Translating the Internet

Since its earliest days, the Internet filled us with the hope of uniting all of humanity. With information traveling at the speed of light, we thought, geographic location wouldn’t matter and anyone who shared our interests would be within reach.

But there’s an age-old problem working against our utopian dreams of the web uniting the world: the language barrier. After all, it doesn’t matter what you have access to if you can’t read it.

In the first couple decades of the Internet, we had a simple, if unsustainable, solution. Most people used English — even if it wasn’t their native language.

Ethan Zuckerman, the founder of the multi-lingual blog network Global Voices, observed this phenomenon as recently as 2004. He was at dinner with a couple dozen bloggers in Amman, Jordan who were chatting away in Arabic.

“But almost all of them were blogging in English at that point,” Zuckerman explains. “Out of that group of people that I had dinner with, a lot of those people blog in Arabic now. And I’ve gone back and talked to some of them… and one said to me, ‘When we were trying this in 2004 there were very few Arabic speakers online, and we just couldn’t write for that audience. But now our friends, our peers, our neighbors are all online. That’s who we want to reach.’”
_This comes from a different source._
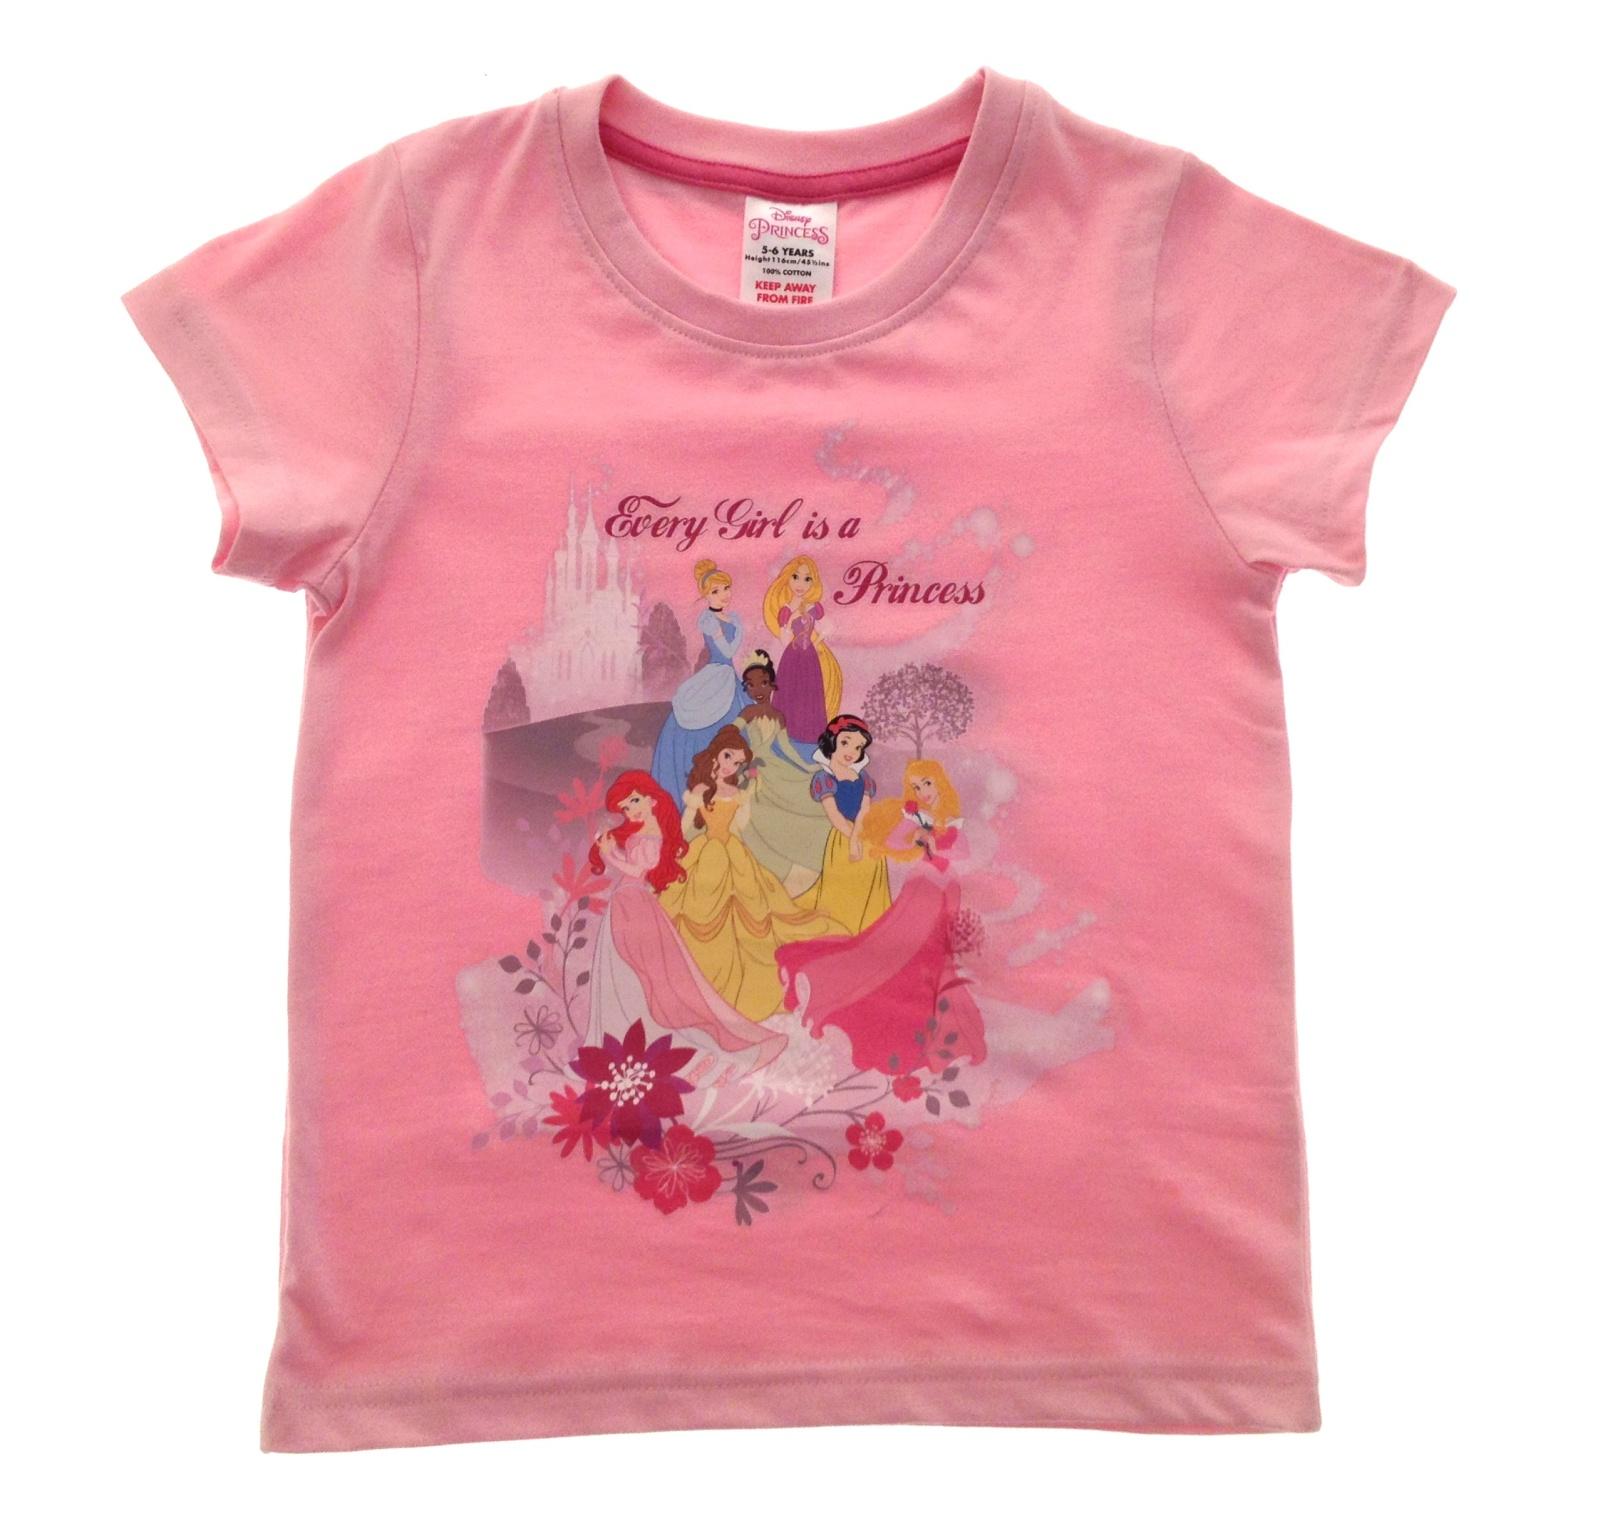 girls disney princess character summer top t shirt childrens size uk 1 6 years. Black Bedroom Furniture Sets. Home Design Ideas
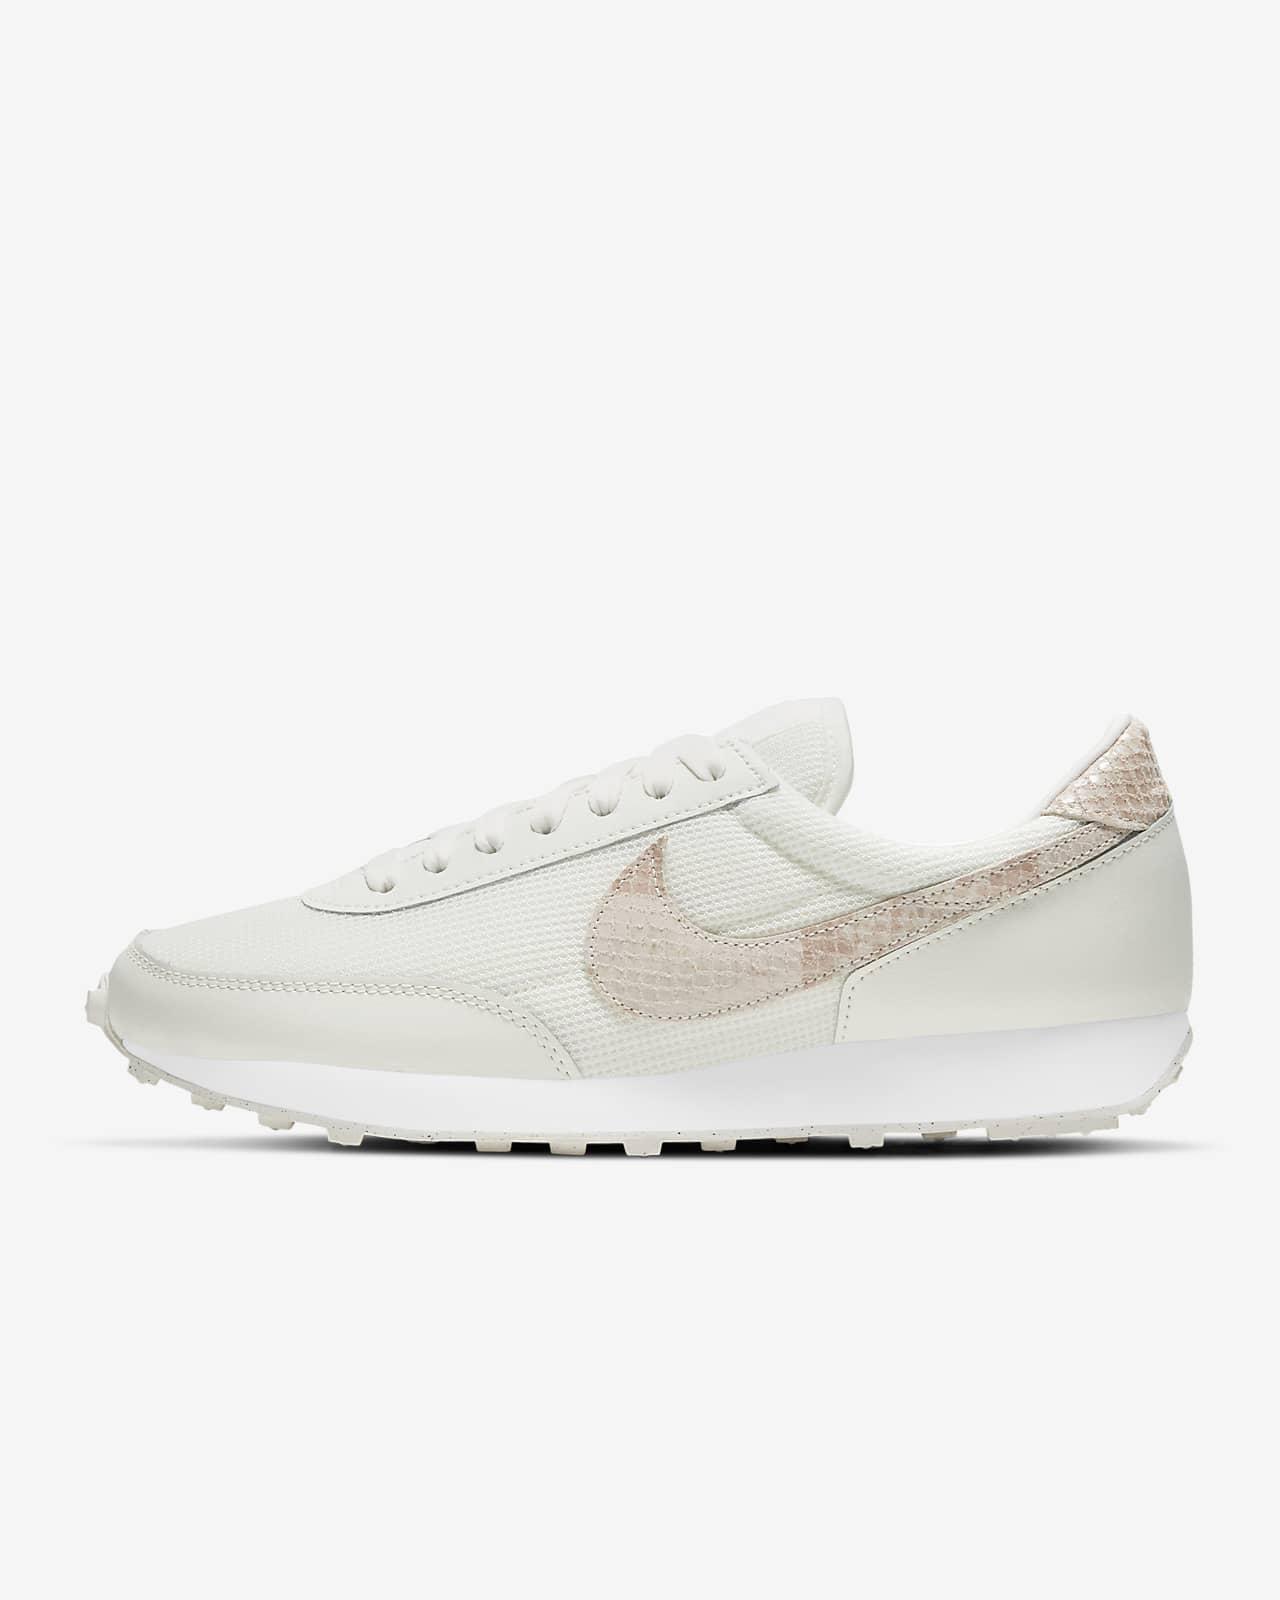 Nike DBreak Damenschuh

The numbers support this anecdote. According to Internet World Stats, Arabic users on the Internet have increased by more than 2,000 percent over the past decade. Chinese will soon replace English as the most-used language on the web. And dozens of other languages are experiencing huge growth. On the one hand this is great: the more people who come online, the better. But as they join the web using different languages, how do we stop the internet from fracturing along language lines?

Many think a big part of the solution will be machine translation. Translation software has been around for decades with a mediocre track record, but Google’s translation service, Google Translate, is producing impressive results and improving quickly.

“What we do is use hundreds of billions of words that Google infrastructure has access to,” says Michael Galvez, Project Manager at Google Translates. Google’s computers scour the web, suck in all that text, analyze it and learn how people actually write. Google combines that information with high-quality translation transcripts to make a pretty amazing machine translator. Check out this article from a Spanish Newspaper in translated into English. Not bad, eh?

But some language combinations work much better than others and even when the translation’s good, it’s never perfect.

“Google Translate is good at helping you get what is called a gestation or essentially the essence of what the other person is communicating,” says Goolgle’s Michael Galvez.

I’m skeptical that “gestations” will be enough. Much of what we read on the web is written beautifully or full of nuance and software will never be able to translate that. So some translation projects, like a new website called Meedan.net, are still using good ol’ humans.

“The idea is a Wikipedia-style approach to translation,” says Meedan founder Ed Bice. Meedan uses a mix of human and machine translation to present articles, blog posts, and comments about the Middle East in hopes of bridging the gap between the Arabic and English-speaking worlds.

The comments following an article like this one show how the presentation of the translated text will also be an important issue to tackle. Google Translate essentially wipes out the foreign language, showing you web pages only in your language. Meedan instead has the English and Arabic side-by-side. This layout is a valuable addition to the translations themselves when it allows you to see comments bouncing back and forth between languages.

Internet thinkers say both machine translation and human translating projects will continue to improve rapidly over the next decade. Few are eager to predict when, if ever, a Star Trek-style universal translator will emerge. But as more and more of the web moves away from English, I have feeling we’ll be using more and more of these services. After all, 73 percent of the Internet right now is not in English.